10 August 2006

Package tracking drama


My copy of the new Oxford translation of Mallarmé was scanned in Cincinnati today. The Gashouse Gang is also in town, but Pujols, Ducky Medwick, and Rolen (one of the best-read ballplayers) better keep their hands off it - I know how they like to trade uniforms with postal workers and loiter around the warehouses, especially Pepper Martin. They can read my Dover Tolstoy that I got to get up to the free shipping threshold.

This translation was in production when I had my dream of ‘A Throw of the Dice Does Not Abolish Chance Starring Erik Estrada’ but I think I would classify that as either an unwarranted anxiety dream or a review of the Weinfield versions that I never got. In other words, I’m giving this thing a chance. My MacIntyre Selected is currently AWOL which is not an acceptable arrangement.

When that baby comes some commentary on rhythm and form is sure to ensue.

6 comments:

david raphael israel said...

ah, the MacIntyre Selected is the book I had some years back, and really liked. Darn if that guy (MacIntyre) isn't good -- ditto for his Rilke. (no idea now where the book has gone, maybe this is a collective experience). Your book wait nudges me to essay a pleasantry on the theme (merely imagined in the instance)

Mallarmé's finally en route
was s'posed to be here by ten!
when I open the package I shout
all I find within is rien!

But one trusts (sports professionals notwithstanding) your tome will fare more safely.

Ian Keenan said...

Thanks for your reassurance amid the heightening of Mallarmé Edition Anxiety. The MacIntyre translations were always what I thought Mallarmé to be and never really had much to compare them to. The sudden disappearances can be attributed either to Ducky Medwick or the aliens.

shanna said...

been meaning to write you to THANK YOU for the etiquette books, ian. they are truly terrific. i think i will get some poems out of them. :)

Ian Keenan said...

Departure scan in Philly so OUP comes-a-punting to my doorstep tomorrow.

The other unexplained Mallarméan phenomenon is that the edition of Auster’s Tomb for Anatole translations that arrived a year or so back seems completely unlike what I read in a school library six years ago. It’s me, not the edition, and so this is the sort of poetry I like.

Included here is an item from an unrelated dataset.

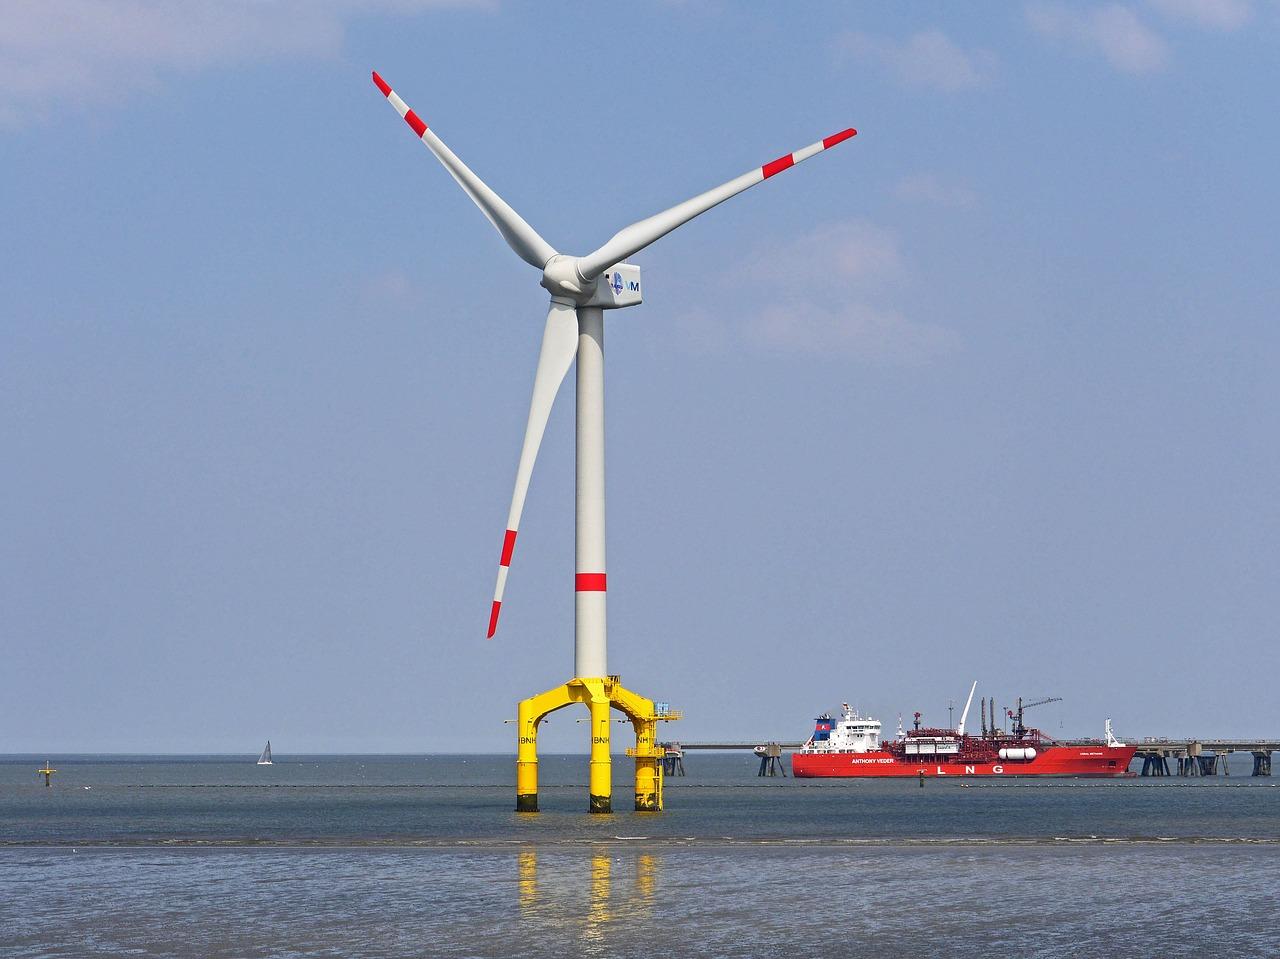 <!--:pt-BR-->Turbinas Eólicas Flutuantes. A contribuição da indústria de O&G para o mercado de energia renovável.<!--:--><!--:en-->Floating Offshore Wind Turbine. The O&G industry contribution to the renewable energy market.<!--:-->

No problem Shanna and thanks for all your books. I really wanted to check out your Guest reading but I couldn’t make it up: tho the Loy reading Sun. was great.. I never thought I would attend a Loy reading much less one where Loy's voice changes every two poems.

kevin.thurston said...

‘A Throw of the Dice Does Not Abolish Chance Starring Erik Estrada’

you done gone flarf?

Ian Keenan said...

Kevin, best to your mother for a speedy recovery.